People can view the same image differently: they focus on different regions, objects, and details in varying orders and describe them in distinct linguistic styles. This leads to substantial variability in image descriptions. However, existing models for personalized image description focus on linguistic style alone, with no prior work leveraging individual viewing patterns. We address this gap by explicitly modeling personalized viewing behavior as a core factor in description generation. Our method, DEPER (DEscription-PERception persona encoder), learns a subject embedding that captures both linguistic style and viewing behavior, guided by an auxiliary attention-prediction task. A lightweight adapter aligns these embeddings with a frozen vision-language model, enabling few-shot personalization without retraining. Across four datasets spanning diverse viewing tasks and both short and detailed descriptions, DEPER achieves a 24% average improvement, showing that modeling personalized attention produces more human-aligned and high-quality descriptions. We posit that understanding how people see helps predict what they say; modeling human diversity in perception can improve both performance and human alignment in multimodal systems.

Paper Structure

This paper contains 19 sections, 5 equations, 4 figures, 6 tables.

Figures (4)

  • Figure 1: People have distinct viewing habits chen2024beyondxue2025few that shape how they describe an image.
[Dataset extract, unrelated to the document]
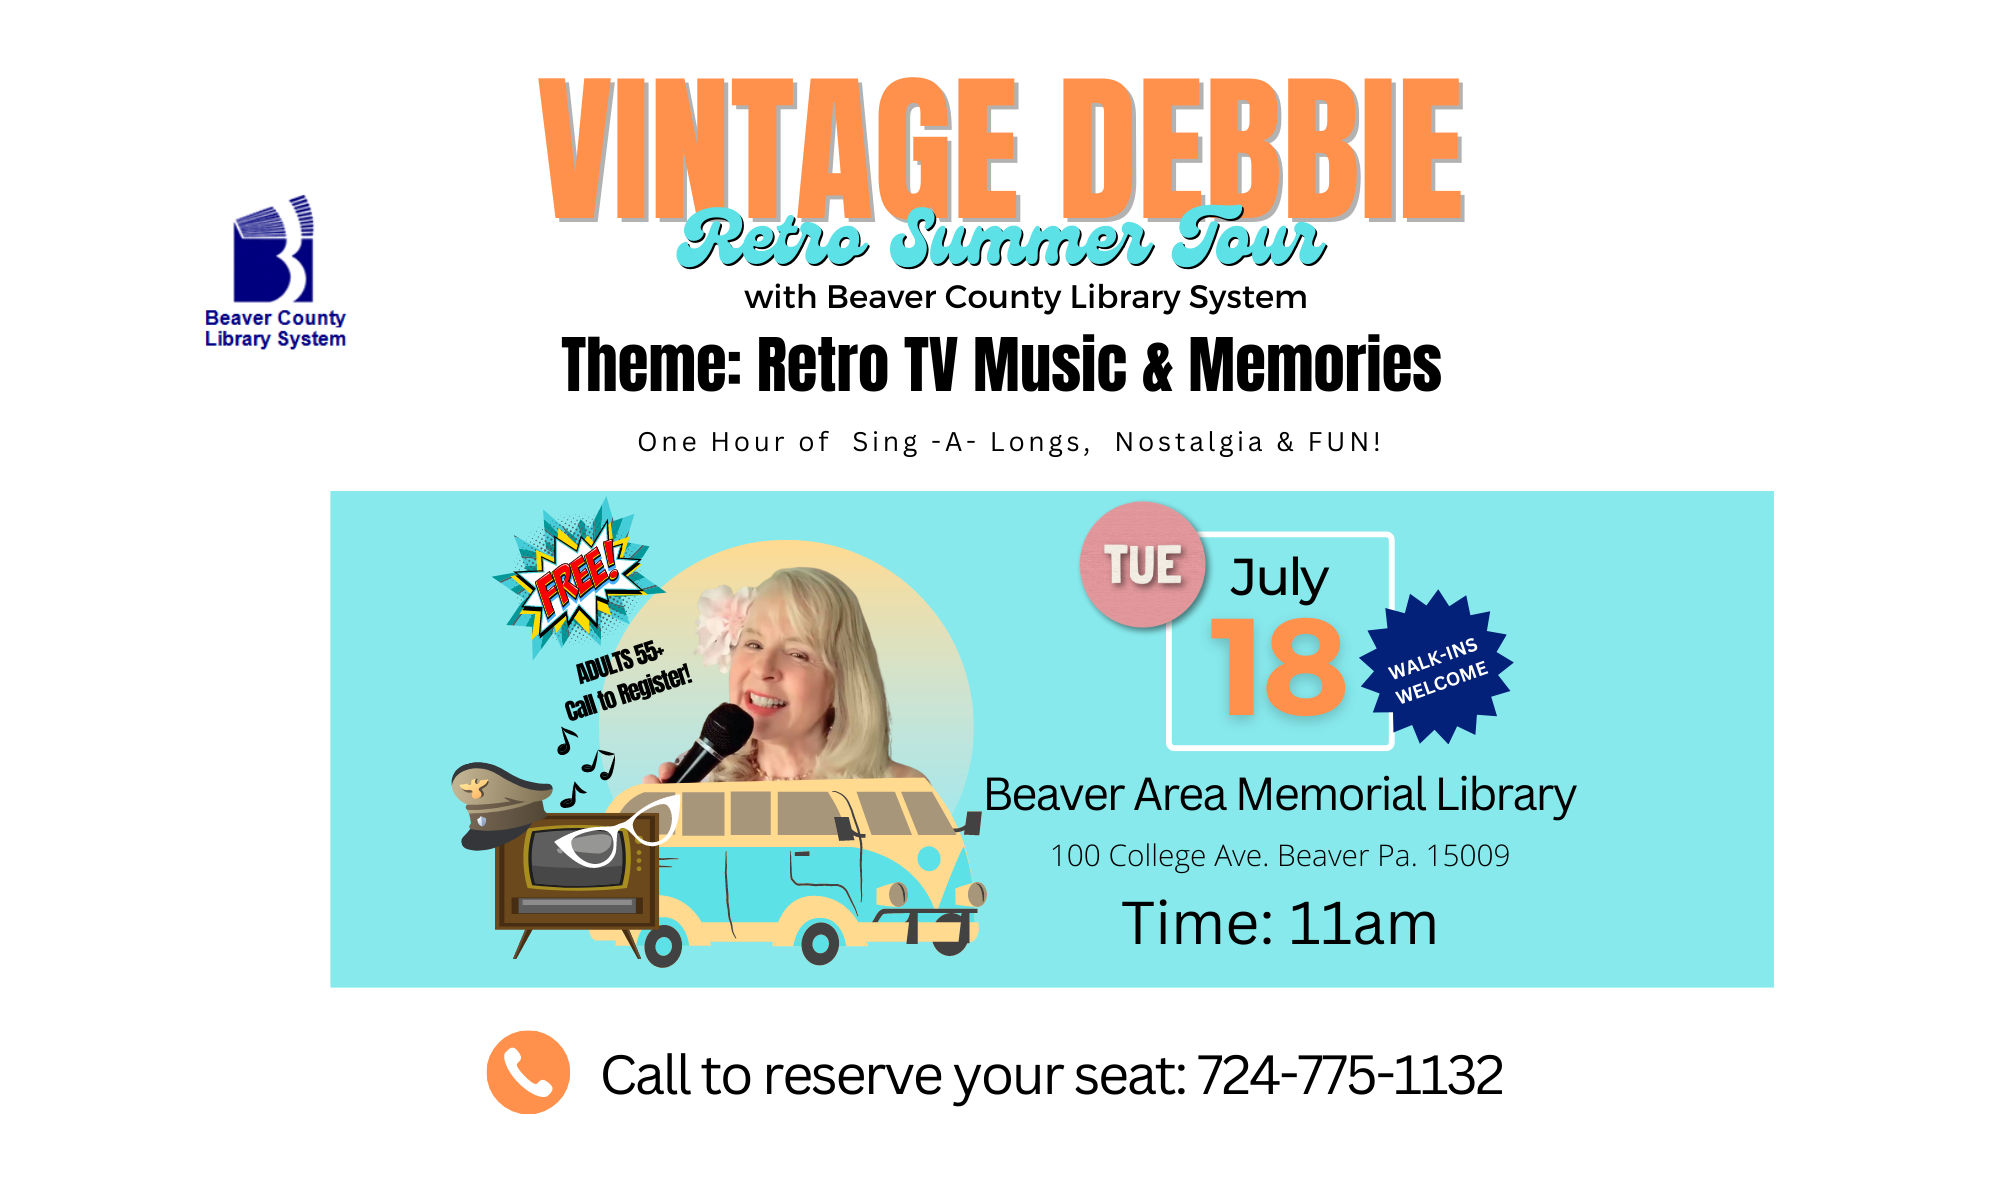 Vintage Debbie: Retro TV Music & Memories

Subject A moves between major objects, while Subject B inspects them in detail and in a different order. Our method models these patterns to produce personalized image descriptions. The images and annotations are from pont2020connecting.
  • Figure 2: Overview of DEPER and Caption Generation: DEPER extracts a subject embedding $\mathbf{z}_s$ from a triplet ($I, D_s, T_s$), capturing the personalized viewing patterns and linguistic style. $\mathbf{z}_s$ then conditions a VLM to produce subject-aligned image descriptions. A Dual-Context Encoder aligns perceptual and linguistic information into $\mathbf{Z}_\mathrm{dual}$. A Subject Embedding Extractor then distills $\mathbf{Z}_\mathrm{dual}$ to $\mathbf{z}_s$, yielding personalized attention–linguistic traits. $\mathbf{z}_s$ is distinctive across subjects yet consistent across images, enforced by classification and contrastive losses. A trajectory decoder further encourages $\mathbf{Z}_\mathrm{dual}$ to capture viewing dynamics, and helps $\mathbf{z}_s$ capture a subject's exploration behavior.
  • Figure 3: Qualitative Results show one example per dataset, each with two subject-specific descriptions (subjects 1 and 2). From top to bottom and left to right: COCO-LN pont2020connecting, Flickr30k-LN pont2020connecting, Kollenda et al. kollenda2025individual, and He et al. he2019human. Subject-distinct content is highlighted in red. Qwen+PT is denoted as Q+PT.
  • Figure 4: Qualitative results of DEPER's outputs. We show DEPER’s outputs on seen and unseen splits (first and second rows) of Flickr30k-LN. The first column visualizes DEPER's subject embeddings, where colors denote subjects and each point represents an image–description–trajectory triplet. The second column shows ground-truth attention trajectories with their corresponding nouns and orders; the third column shows reconstructed trajectories from the test set after Stage-2 training.